_MATERIAL FOR THIS TASK_:
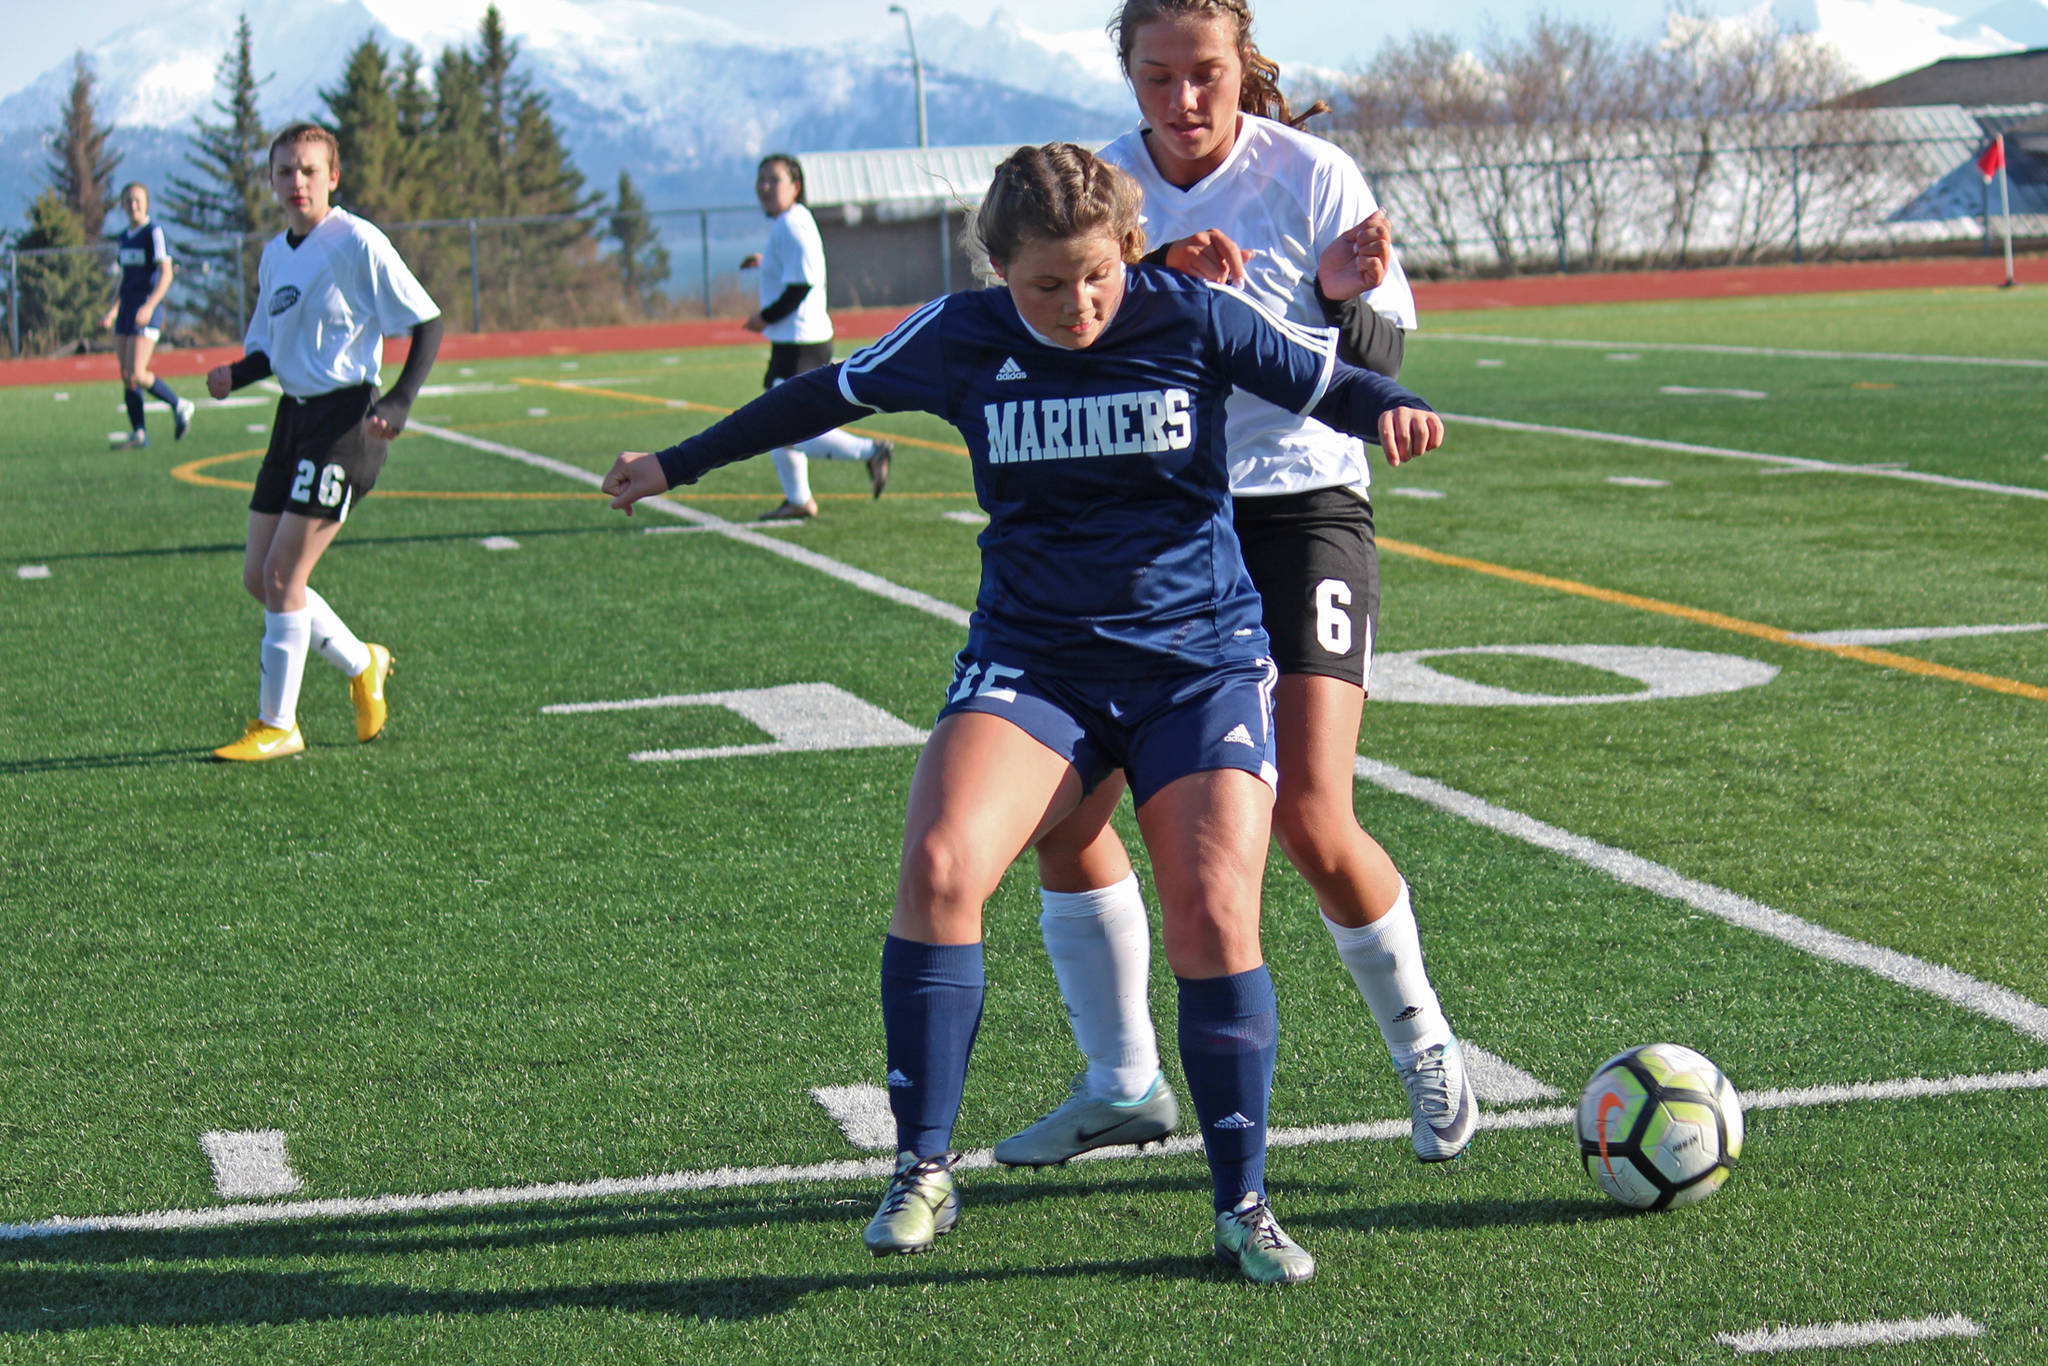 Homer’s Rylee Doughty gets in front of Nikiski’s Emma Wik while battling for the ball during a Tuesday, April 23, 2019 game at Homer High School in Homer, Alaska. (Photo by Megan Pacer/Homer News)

...

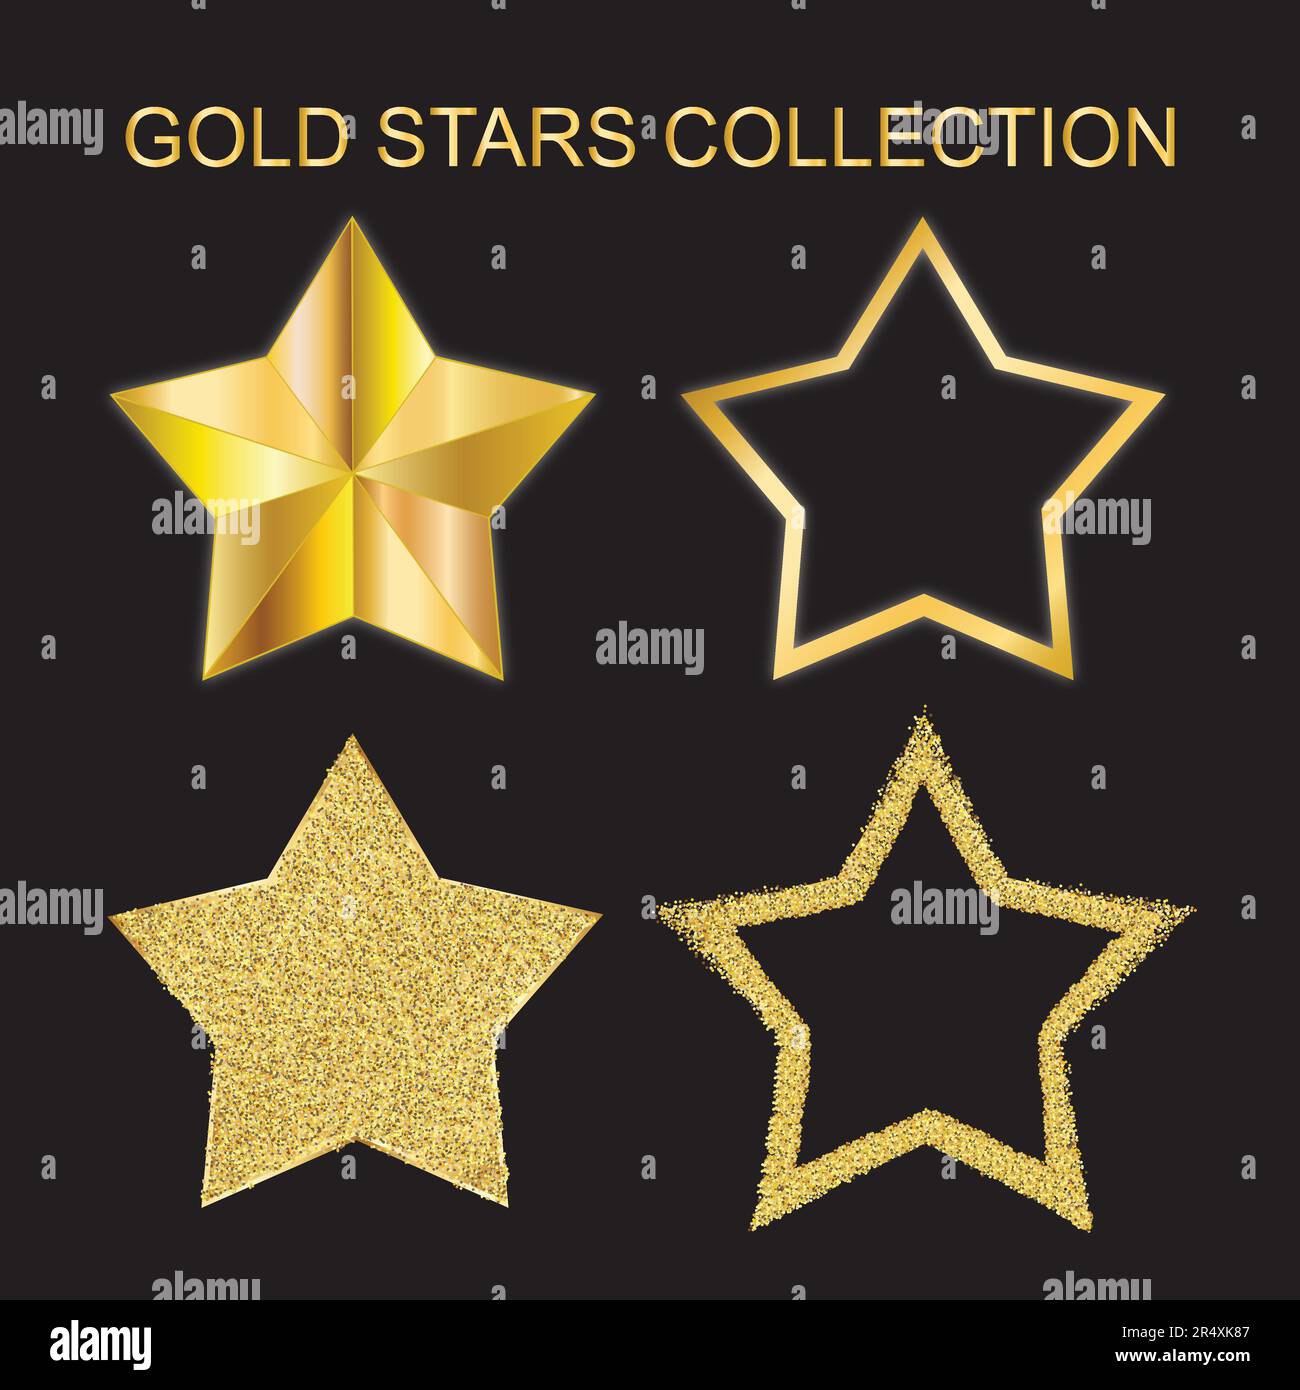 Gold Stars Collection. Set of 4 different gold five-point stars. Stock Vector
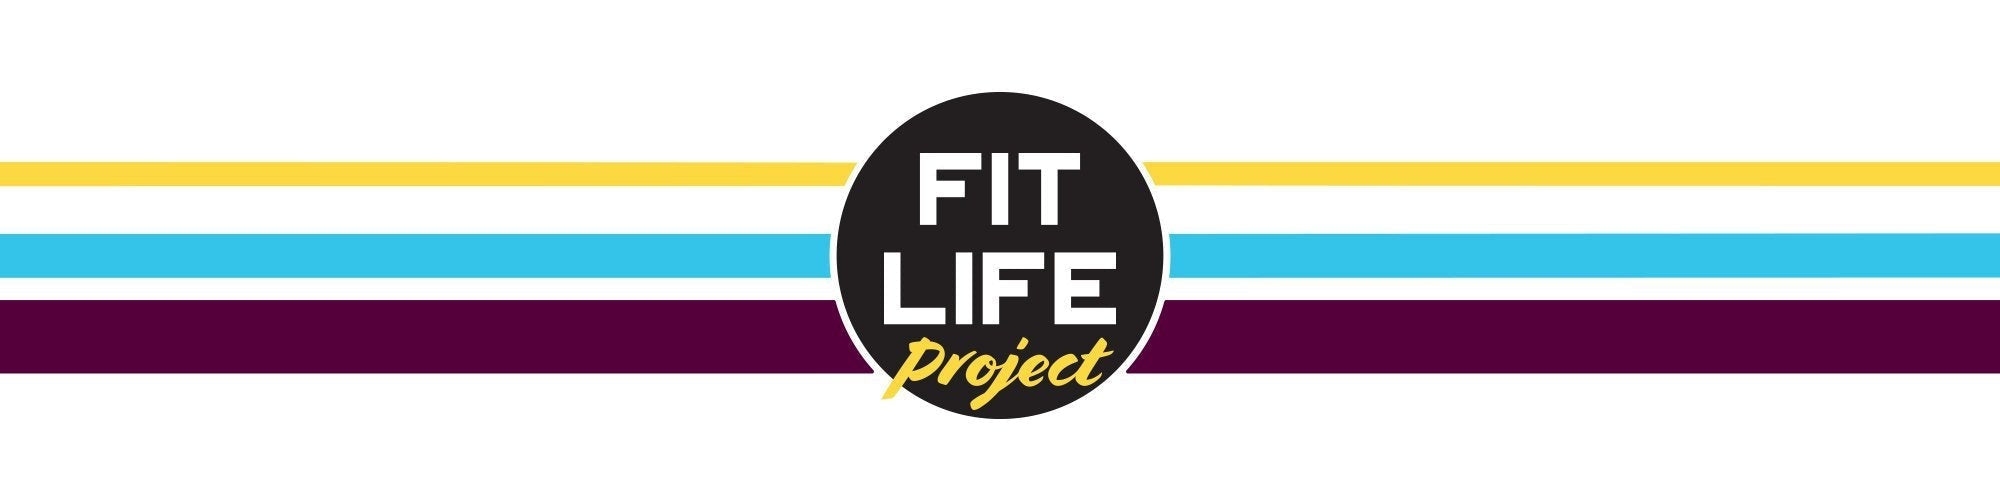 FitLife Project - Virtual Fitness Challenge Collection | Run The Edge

_GOAL OF THE EXERCISE_:
Reproduce the lines above starting at the one with "Gold Stars Collection." and ending at the one with "FitLife Project - Virtual", both included, exactly and with no pictures.

_ANSWER FOR THE TASK_:
 Gold Stars Collection. Set of 4 different gold five-point stars. Stock Vector
 FitLife Project - Virtual Fitness Challenge Collection | Run The Edge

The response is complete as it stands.